Пусть это и не первый случай. Когда-то давным-давно — Агнесса Львовна, преподша по литературоведению. Она-то разрулила вопрос как нельзя лучше. Даже муж не узнал. По крайней мере, тогда не узнал.
Потом та Олечка с улицы Варшавской. Не тогда ли я решил рвать когти в столицу, а, мой ангел? Не ты ли мне подсказал этот выход?
Только нате вам — и здесь то же самое. История движется по спирали.

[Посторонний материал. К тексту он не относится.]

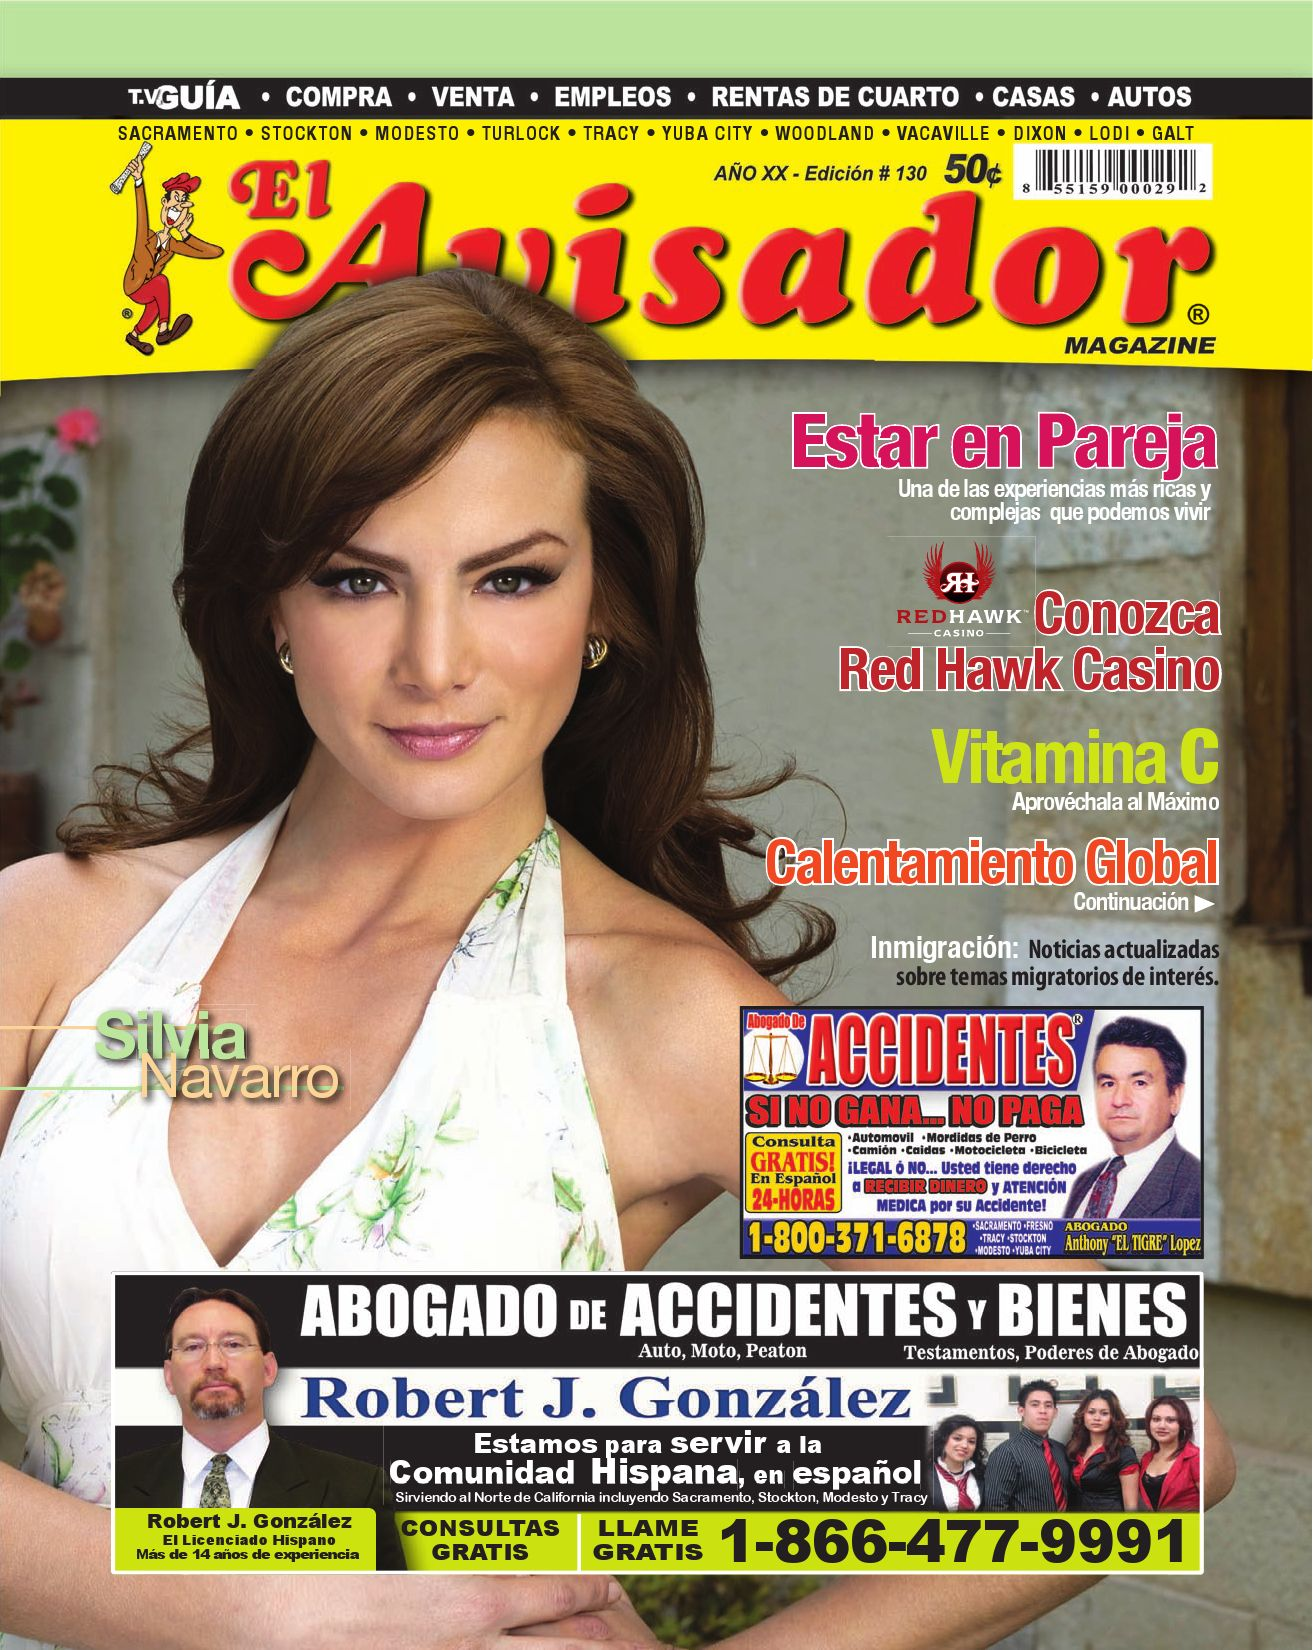 Yuba City Nissan >> Avisador Magazine | Edicion 130 by Avisador Magazine - issuu
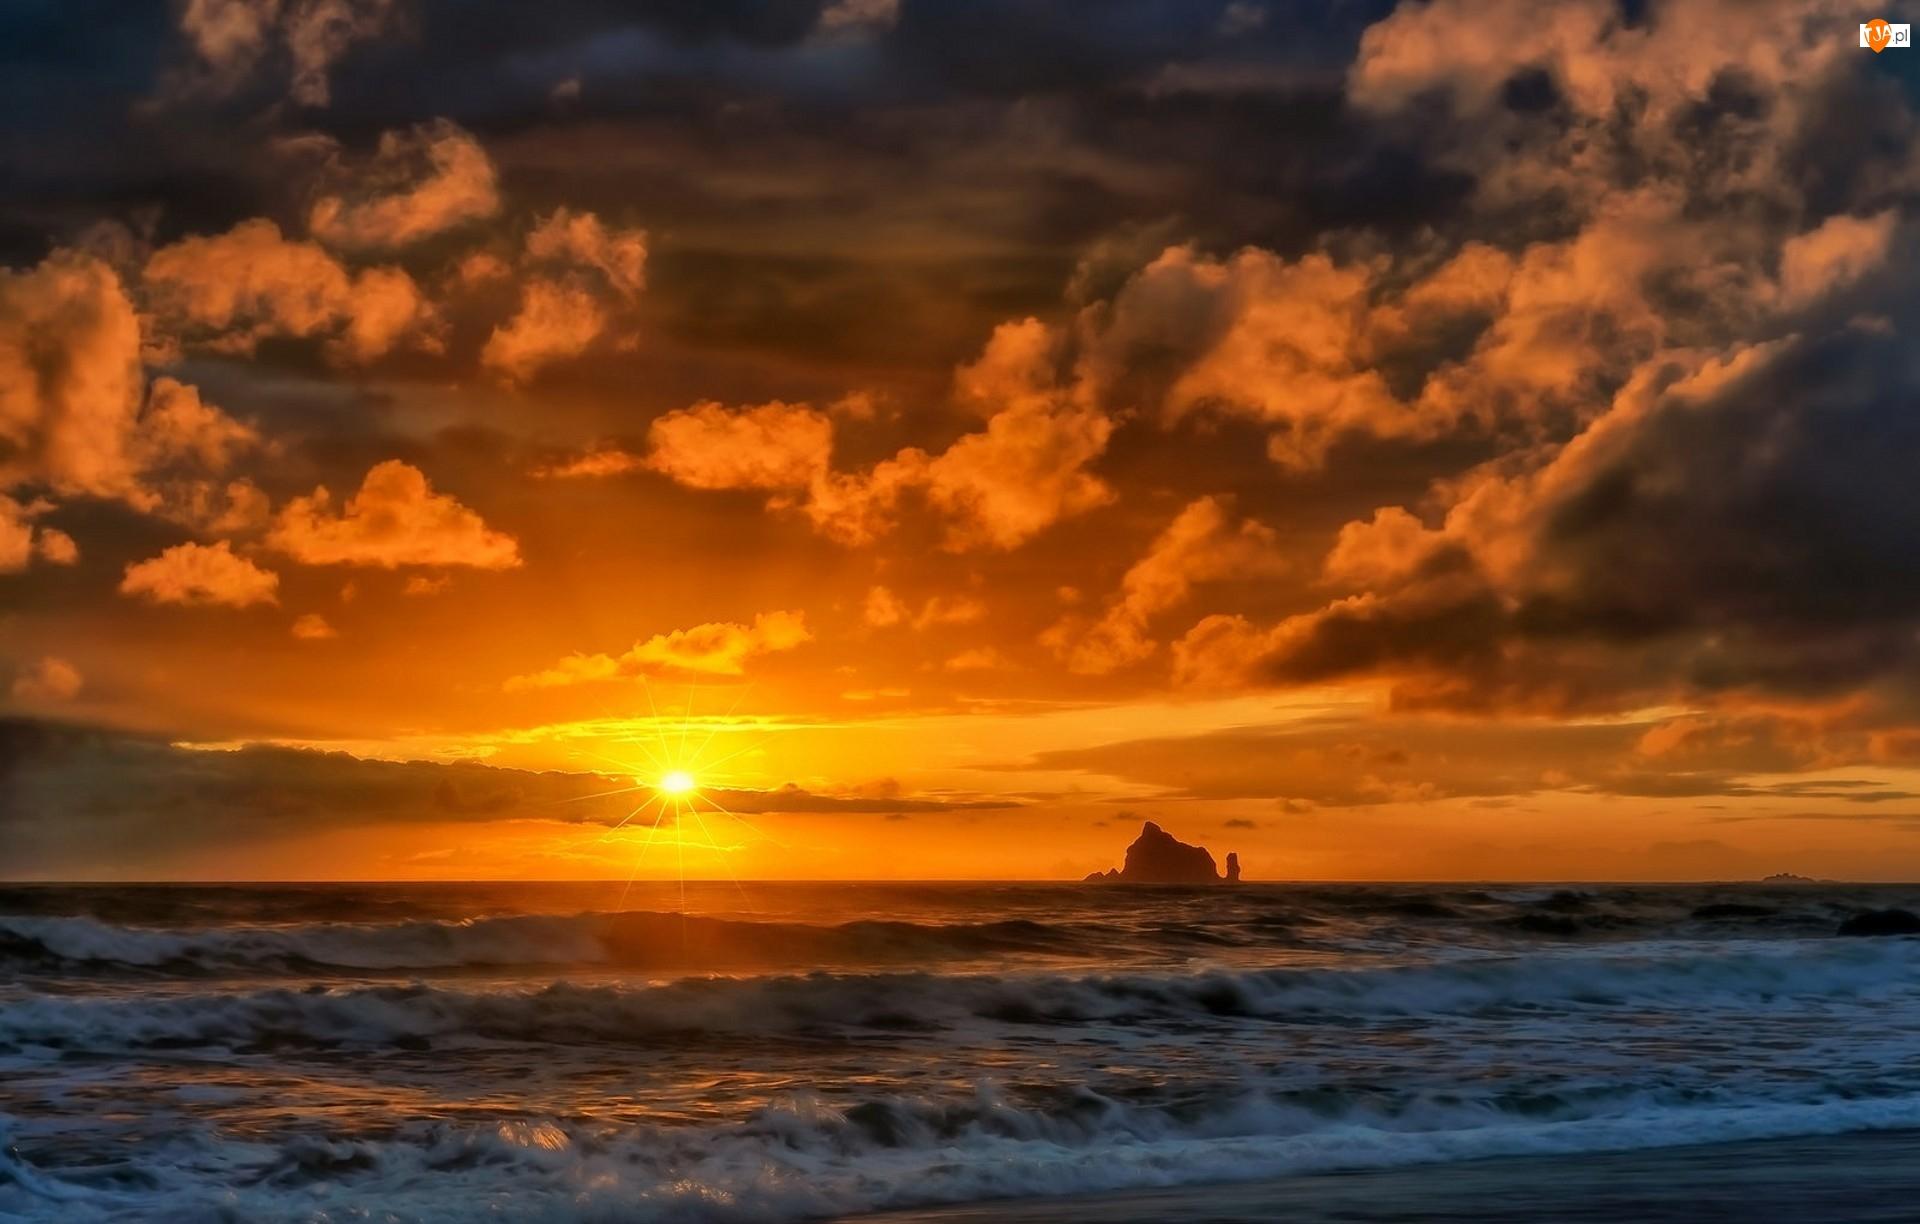 Zachód słońca, Morze, Chmury, Skały, Fale

Какой многозначительный символ, т-твою мать.
И что теперь? Велика Россия, а ехать некуда. За МКАДом все равно жизни нет.
Но нам туда и не надо.
Такси ползет по Третьему кольцу, как сперматозоид. Бессмысленно и неуклонно. В широком потоке других таких же.
— Не, ну это надо, — мотает головой водитель. — Ну что за бабы. Губы красит за рулем, а? Поглядывает на мои брюки, умолкает.
«Не верь жене и тормозам», — написано у него на торпеде.
Кстати: жениться? Ха-ха. Тоже любопытный вариант. Давай рассмотрим его, мой ангел, пов нимательнее.
Долбить свою самку душными ночами, в бетонной коробке. Выгугливать по выходным по главной улице Бирюлева, обняв сокровище пониже пояса, если достанет рука.
Раз в полгода — выводить в свет. В Каро-фильм, на российскую комедию.
Платить по ипотеке. Взять мебель в «Икее». В кредит, ясен пень.
Года через два накопить на Турцию. Полететь пьяным чартером в компании других ублюдков. У ребенка мигом заложит уши, он станет орать (он же не виноват, что его папа — неудачник).
В первый же вечер в отеле нажраться и высказать все. Побить гостиничную посуду. Без никаких последствий: система не замечает локальных конфликтов.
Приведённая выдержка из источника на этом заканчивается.